*** Block opens ***

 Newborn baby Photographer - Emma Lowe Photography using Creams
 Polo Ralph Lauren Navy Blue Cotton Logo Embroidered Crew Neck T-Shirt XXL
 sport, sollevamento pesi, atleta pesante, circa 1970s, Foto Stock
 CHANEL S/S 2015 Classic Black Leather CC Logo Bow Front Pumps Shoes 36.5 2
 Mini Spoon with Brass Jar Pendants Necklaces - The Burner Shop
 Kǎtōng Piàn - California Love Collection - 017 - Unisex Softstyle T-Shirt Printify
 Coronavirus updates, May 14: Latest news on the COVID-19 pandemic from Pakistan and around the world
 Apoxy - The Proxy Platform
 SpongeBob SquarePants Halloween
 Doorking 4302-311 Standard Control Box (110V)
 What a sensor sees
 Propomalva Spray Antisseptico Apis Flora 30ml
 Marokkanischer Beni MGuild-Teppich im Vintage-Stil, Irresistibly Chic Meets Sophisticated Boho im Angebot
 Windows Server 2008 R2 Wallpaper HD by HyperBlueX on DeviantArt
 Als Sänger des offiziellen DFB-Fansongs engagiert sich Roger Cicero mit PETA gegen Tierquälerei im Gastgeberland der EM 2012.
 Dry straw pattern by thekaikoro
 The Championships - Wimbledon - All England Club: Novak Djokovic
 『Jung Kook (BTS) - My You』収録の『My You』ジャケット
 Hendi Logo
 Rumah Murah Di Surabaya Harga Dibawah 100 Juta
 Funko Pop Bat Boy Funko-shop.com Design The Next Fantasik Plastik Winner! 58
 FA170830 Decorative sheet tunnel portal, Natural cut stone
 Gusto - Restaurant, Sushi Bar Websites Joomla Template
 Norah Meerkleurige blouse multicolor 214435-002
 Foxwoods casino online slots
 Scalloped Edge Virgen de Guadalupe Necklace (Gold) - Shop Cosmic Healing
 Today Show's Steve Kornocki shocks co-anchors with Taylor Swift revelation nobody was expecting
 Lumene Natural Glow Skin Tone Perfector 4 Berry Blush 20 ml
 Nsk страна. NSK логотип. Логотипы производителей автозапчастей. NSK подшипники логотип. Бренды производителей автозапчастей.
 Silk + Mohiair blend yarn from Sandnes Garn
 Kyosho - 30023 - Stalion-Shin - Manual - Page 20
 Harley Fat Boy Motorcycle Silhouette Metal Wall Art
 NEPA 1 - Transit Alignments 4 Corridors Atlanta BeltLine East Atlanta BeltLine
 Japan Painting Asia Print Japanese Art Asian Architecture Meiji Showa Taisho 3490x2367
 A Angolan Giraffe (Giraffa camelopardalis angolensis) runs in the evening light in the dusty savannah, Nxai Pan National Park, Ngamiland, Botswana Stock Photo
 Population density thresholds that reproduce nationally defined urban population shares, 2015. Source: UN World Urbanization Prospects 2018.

*** Block closes ***

## WORK INSTRUCTIONS
When the line with "Polo Ralph Lauren" is reached in the data above, start copying there, and copy each line exactly until the line with "Windows Server 2008" has been copied; copy nothing else.

## FINISHED TASK
 Polo Ralph Lauren Navy Blue Cotton Logo Embroidered Crew Neck T-Shirt XXL
 sport, sollevamento pesi, atleta pesante, circa 1970s, Foto Stock
 CHANEL S/S 2015 Classic Black Leather CC Logo Bow Front Pumps Shoes 36.5 2
 Mini Spoon with Brass Jar Pendants Necklaces - The Burner Shop
 Kǎtōng Piàn - California Love Collection - 017 - Unisex Softstyle T-Shirt Printify
 Coronavirus updates, May 14: Latest news on the COVID-19 pandemic from Pakistan and around the world
 Apoxy - The Proxy Platform
 SpongeBob SquarePants Halloween
 Doorking 4302-311 Standard Control Box (110V)
 What a sensor sees
 Propomalva Spray Antisseptico Apis Flora 30ml
 Marokkanischer Beni MGuild-Teppich im Vintage-Stil, Irresistibly Chic Meets Sophisticated Boho im Angebot
 Windows Server 2008 R2 Wallpaper HD by HyperBlueX on DeviantArt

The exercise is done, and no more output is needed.